The hidden cost of optionality: why companies keep too many projects Alive
- Michel P.
- 10 hours ago
- 4 min read
Most executives have no difficulty launching projects.
A new product. A new market. A transformation programme. A strategic initiative.
Growth stories are built around what companies choose to start. Far less attention is given to an equally important question: what should they stop?
In theory, organisations allocate capital to opportunities offering the highest expected return. In practice, many continue funding projects simply because they have already invested significant time, money and credibility into them.
Every company has examples: the product launch that is "almost ready", the transformation programme entering its third year, or the initiative that has missed every milestone but still appears in board packs because nobody wants to be the person who finally shuts it down.
Projects rarely survive because the evidence remains compelling. More often, they survive because stopping them feels more uncomfortable than continuing them.

The illusion of optionality
Management teams often explain that they want to "keep their options open". The argument sounds sensible.

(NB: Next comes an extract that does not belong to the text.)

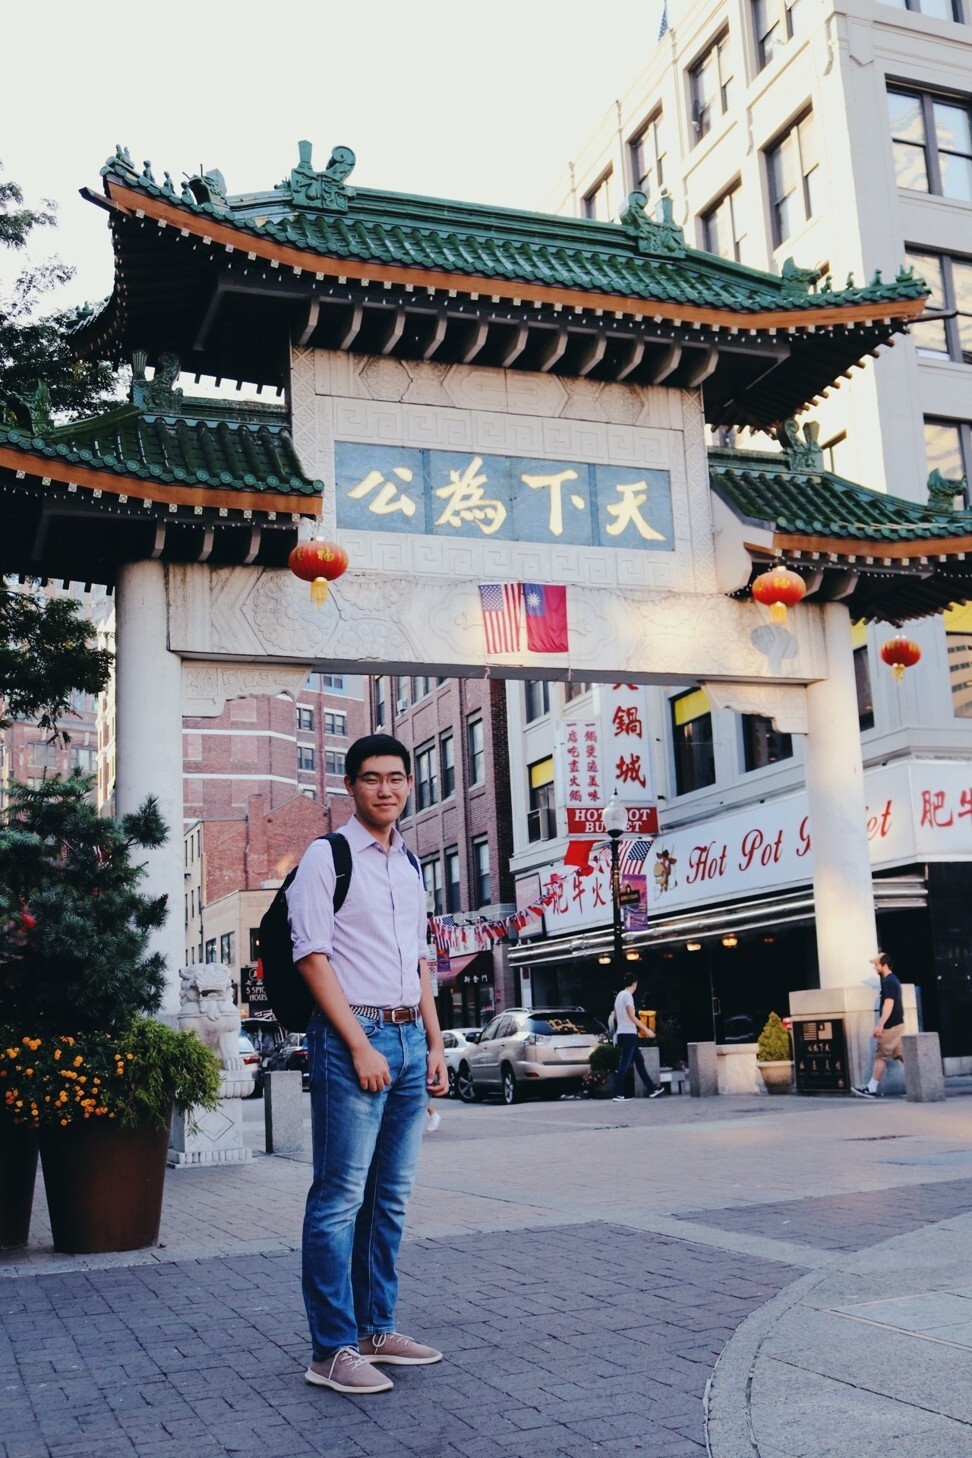 Tianyu Fang, a first-year college student at Stanford University, managed to get back to Beijing in March. Photo: Handout

The problem is that optionality is frequently confused with indecision.
A project consuming budget, management attention and execution capacity is not a free option. It is an active capital allocation decision.
Keeping ten initiatives alive does not create ten opportunities. More often, it creates ten competing priorities fighting for the same resources.
Jeff Bezos once observed that companies become slow not because they make too many decisions, but because they postpone difficult ones. The same principle applies to project portfolios.
Delaying the decision to stop can be just as costly as making the wrong decision to start.
The cost nobody measures
Most organisations measure project costs. Few measure project drag.
Yet weak projects continue to consume meetings, reporting effort, scarce talent and executive attention long after their economic rationale has faded.
Leadership attention is often the scarcest resource in a company. Capital can be raised. Teams can be expanded. Systems can be upgraded.
Management focus cannot.
The result is a silent tax that rarely appears in budgets but directly affects execution quality across the organisation.
The sunk cost trap
The persistence of weak projects is rarely a competence issue. It is a human one.
Behavioural economists describe this tendency as the sunk cost fallacy: continuing to invest because resources have already been committed.
A company may have invested €500,000 in a project and feel compelled to continue because "we have already come this far".
But the €500,000 is gone.
The only relevant question is whether the next euro should still be invested.
Strong management teams understand that historical spending should not determine future decisions. Future value creation should.
What investors actually notice
Investors rarely focus only on what has been launched. They pay close attention to what has been stopped.
During due diligence, management teams are usually able to explain why a project was initiated. The more revealing discussion begins when investors ask why it remains active.
Strong organisations can explain both investment and withdrawal decisions using the same economic logic. Weaker organisations often rely on historical justifications, optimism or the hope that one more quarter will change the outcome.
Investors know mistakes are inevitable. What concerns them is the inability to recognise them and reallocate resources accordingly.
The quality of capital allocation is often revealed more clearly by projects that were terminated than by projects that were approved.
Why discipline accelerates innovation
A common misconception is that rigorous project reviews reduce innovation.
In reality, organisations that struggle to stop projects gradually lose the capacity to start new ones. Resources become fragmented across too many initiatives and teams spend more time maintaining legacy priorities than exploring future opportunities.
Companies known for innovation are not necessarily better at generating ideas. They are often better at abandoning weak ones.
The ability to stop is therefore not the enemy of innovation. It is one of its enabling conditions.
The CFO's role
One of the most valuable contributions a CFO can make is bringing discipline to these conversations.
Not because finance can predict the future, but because it can make trade-offs visible.
The discussion shifts from:
"Do we still like this project?"
to
"Is this still the best use of our capital?"
The first question is emotional.
The second is strategic.
Strong CFOs help management teams focus on the latter.
Conclusion
Capital allocation is often described as the art of deciding where to invest.
It is equally the discipline of deciding where to stop investing.
Most organisations do not suffer from a lack of ideas. They suffer from an excess of initiatives that have outlived their economic justification.
The strongest management teams are not those that launch the most projects. They are those that continuously reassess whether each project still deserves a place in the portfolio.
That discipline rarely attracts headlines.
But it creates an extraordinary amount of value.
A question for your next leadership meeting
If every project in your portfolio had to compete again for funding tomorrow morning, how many would survive?